Repeat until only one node is left in the tree.
To convert a binary sphere tree to a quad sphere tree, recurse up from the bottom. If you are a leaf, go up. If you are not a leaf, process both children. Invariant: both children are now leaves, although they might have only one sphere. If the total # of spheres in the children is < 4, then turn self into a leaf with those nodes. If total # is 4, then create a bounding sphere for all the spheres, and replace self with a leaf containing only that bounding sphere. If total # is 5, bound 4 of the spheres, creating a leaf with 2 spheres, 1 bounding and 1 leftover. Similarly for 6 (which produces a leaf with 3 spheres).
So the core sphere data structure has:
- a location and radius
- its current heap index
- its best match, and the score for that match
- a pointer to a list of all spheres that have this one as best match
- a pointer into the middle of its best match's above list, pointing to its own entry
I did not implement a pointer into the k-d tree to accelerate deletions there, although maybe I should, but at least that's theoretically a logN lookup; the heap and the linked list back-pointers are necessary since they'd otherwise be O(N) searches.

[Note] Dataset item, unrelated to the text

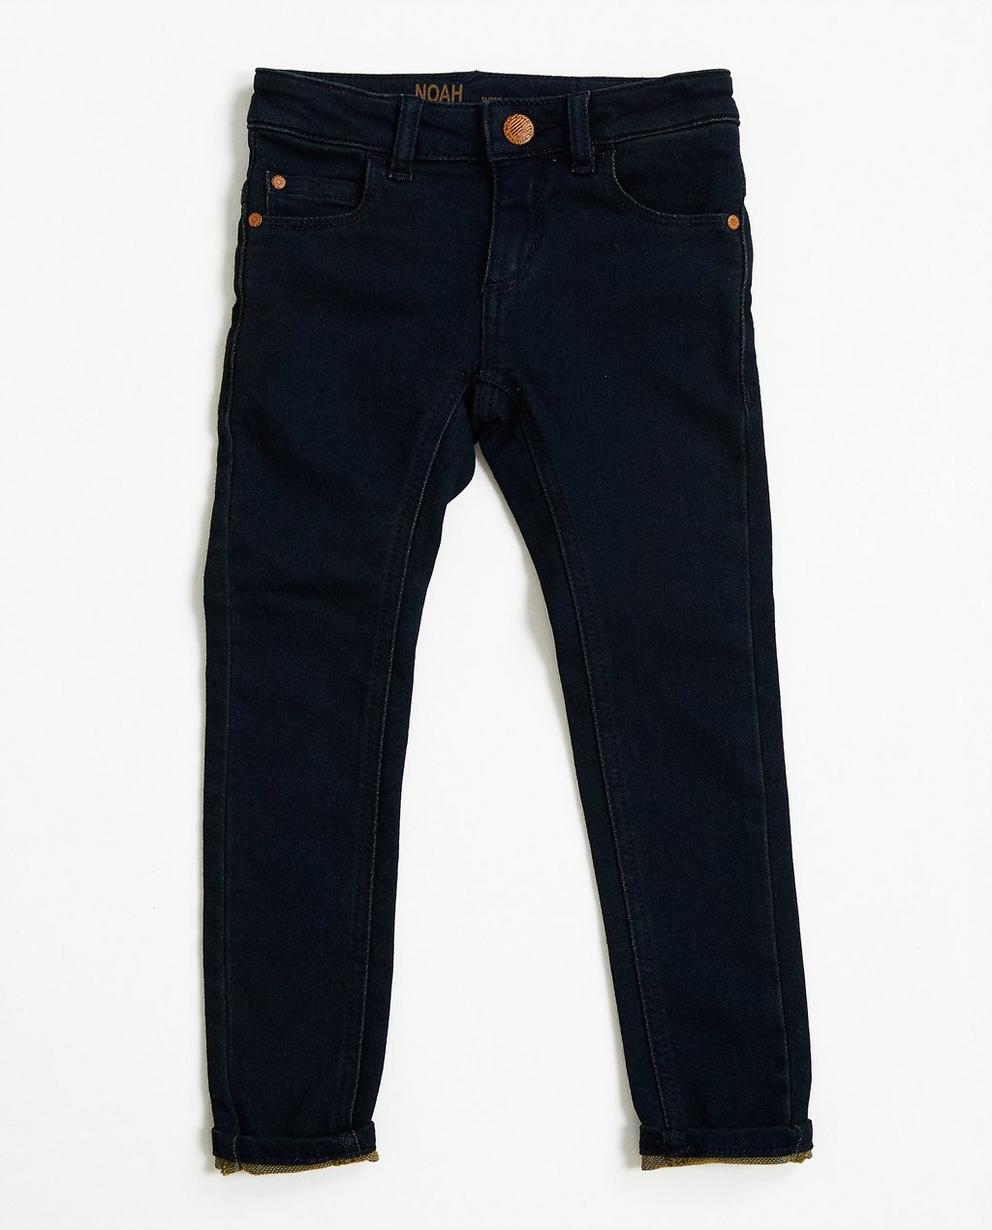 Nachtblaue Jeans - Super Skinny-Schnittform - JBC

Anyway, the whole construction above is pretty scary. Perhaps even scarier is that I threw this whole thing together in a couple of hours, for fun.
This did not turn out ot be fast enough, in fact, but I think it's because I'm not balancing the k-d tree; I need to get a profiler in there and see for sure. Also, I discovered that with SSE, I can probably test an axially-aligned box just as fast as a sphere, which will have much, much more utility as a bounding object. However, I'll still probably use mostly this same code to compute the AABB tree--it'll just use a different metric for how to score a combined object.